- EXERCISE REQUIREMENTS -
A full, word-for-word copy of the listing below is needed; leave the images out of it.

- EXERCISE DATA -

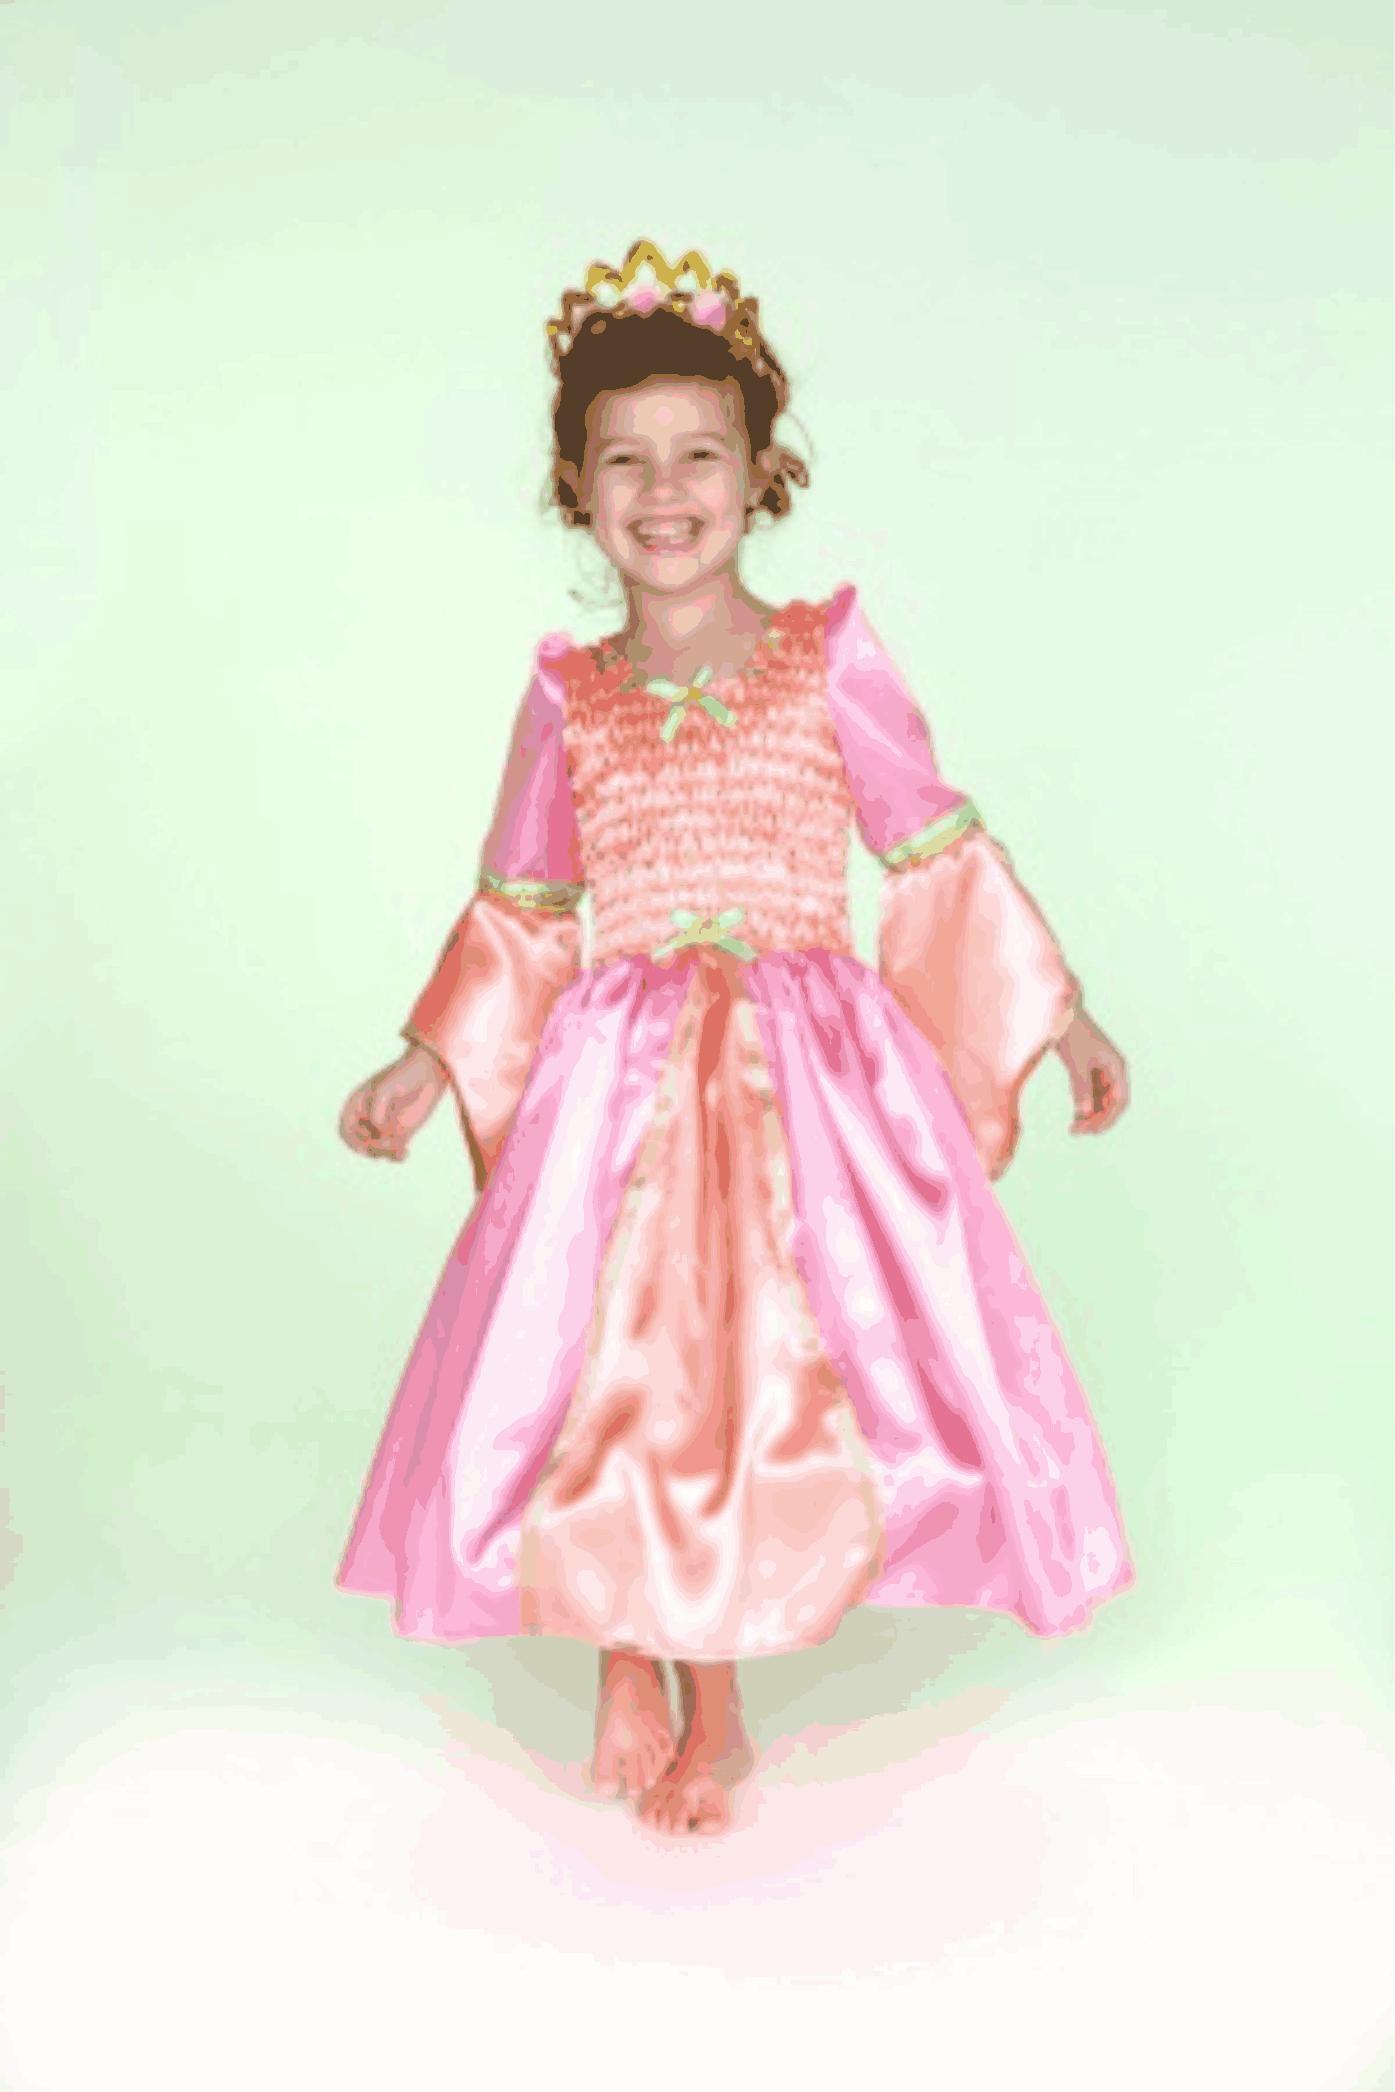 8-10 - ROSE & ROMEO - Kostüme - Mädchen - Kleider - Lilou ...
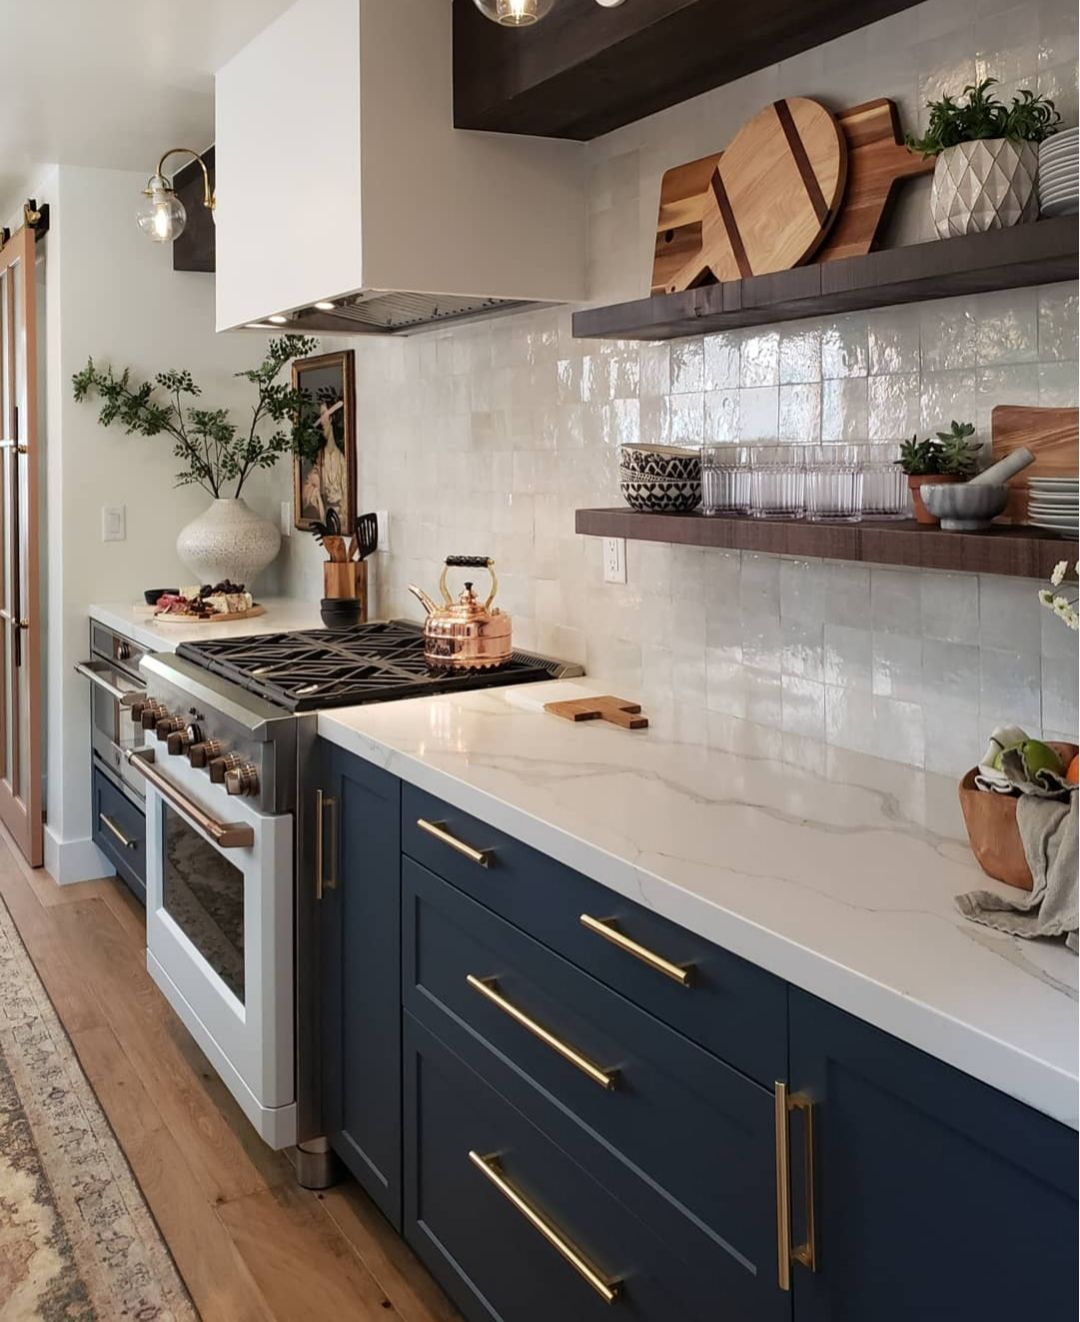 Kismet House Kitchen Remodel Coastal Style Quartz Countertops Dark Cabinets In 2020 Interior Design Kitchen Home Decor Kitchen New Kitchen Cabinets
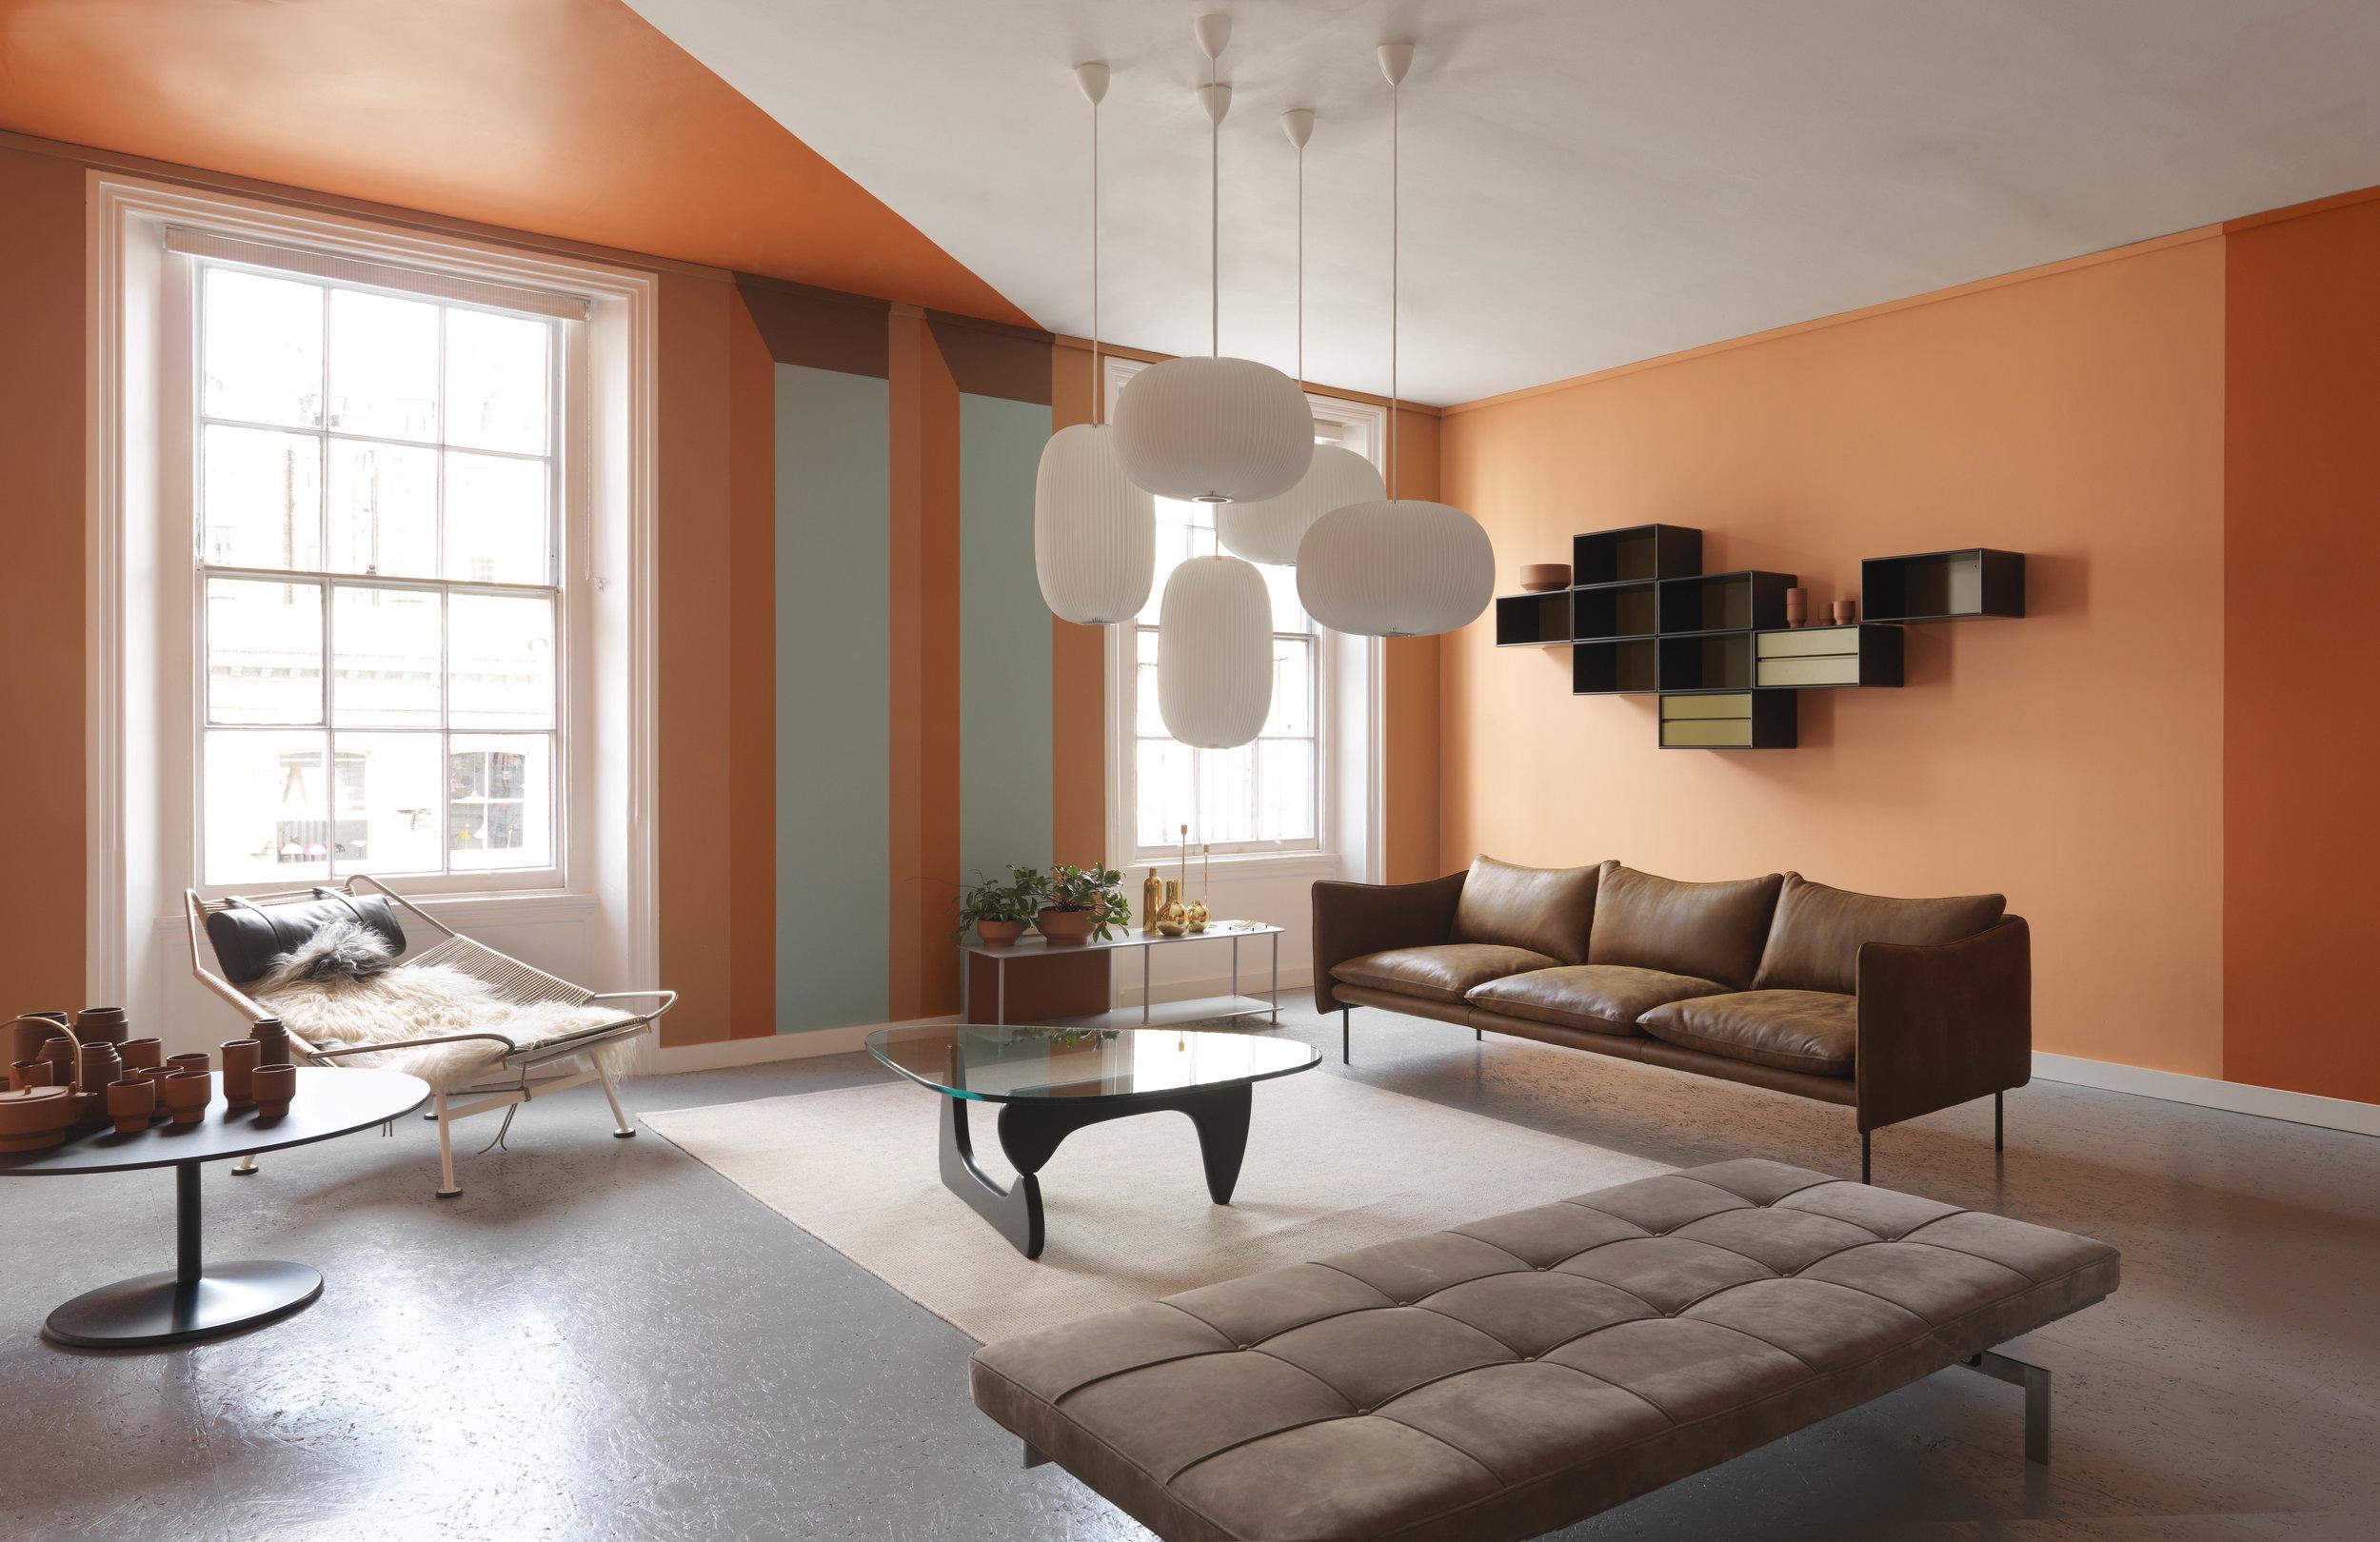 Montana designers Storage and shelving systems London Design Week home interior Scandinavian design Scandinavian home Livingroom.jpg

- WRITTEN RESPONSE -
 8-10 - ROSE & ROMEO - Kostüme - Mädchen - Kleider - Lilou ...
 Kismet House Kitchen Remodel Coastal Style Quartz Countertops Dark Cabinets In 2020 Interior Design Kitchen Home Decor Kitchen New Kitchen Cabinets
 Montana designers Storage and shelving systems London Design Week home interior Scandinavian design Scandinavian home Livingroom.jpg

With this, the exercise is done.